All this reminds me of the early days of ham radio or, for that matter, the 1970s, when personal computers came in the form of kits such as the MITS Altair 8800, and computer clubs sprang up where people could show what they got their tiny machine to do. These days news stories are having a galvanizing effect on would-be home printers. Consider TurboRoo, a disabled dog born without front legs, who was rescued and given a wheeled cart printed by 3-D methods in Indianapolis. TurboRoo, it is said, is adapting nicely to the cart and getting around just fine.
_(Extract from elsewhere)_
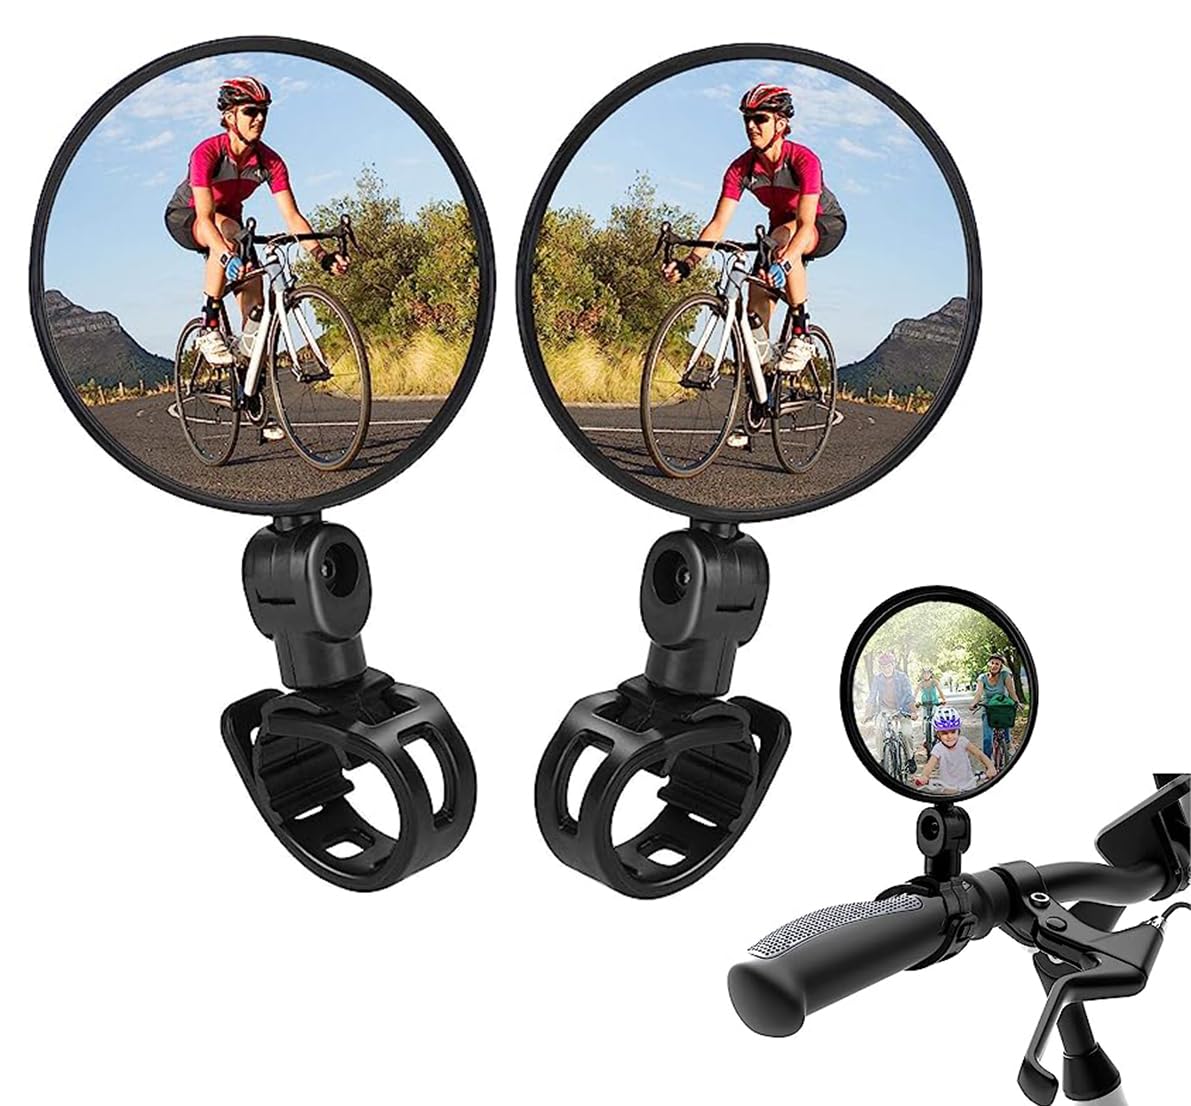 Amacoam 2 Pcs Fahrradspiegel Rückspiegel, Radfahren Fahrrad Rückspiegel HD 360° Drehbar & Klappbar Universal Fahrradspiegel für Lenker 15-35 mm, Fahrrad Spiegel für Rennräder, Mountainbik, E-Bike von Amacoam

Why 3-D printing is the story here is that as the little dog grows, a customized cart like this is going to need constant upgrades. How to do that on a one-off basis without paying a local manufacturer repeatedly to make the new parts? A MakerBot printer like the one used for TurboRoo can grow with the dog and produce just what the doctor ordered at a minimal cost. At the other end of the size scale, architects in the Netherlands are using a 20-foot-tall 3-D printer called KamerMaker to build modular rooms that snap together to create an entire house.
So maybe the analogy with Moore’s Law is more than just a curiosity. What lies ahead is the inevitable process of figuring out how consumers can go from printing trinkets and keychain fobs to more complex objects such as the saxophone a 3-D enthusiast named Olaf Diegel recently made. From a cultural perspective, 3-D printing is working its way into the manufacturing chain. A company called Local Motors will attempt to print an actual car this fall in Chicago. PCs surprised us by their power to change our lives. Is 3-D printing about to do the same?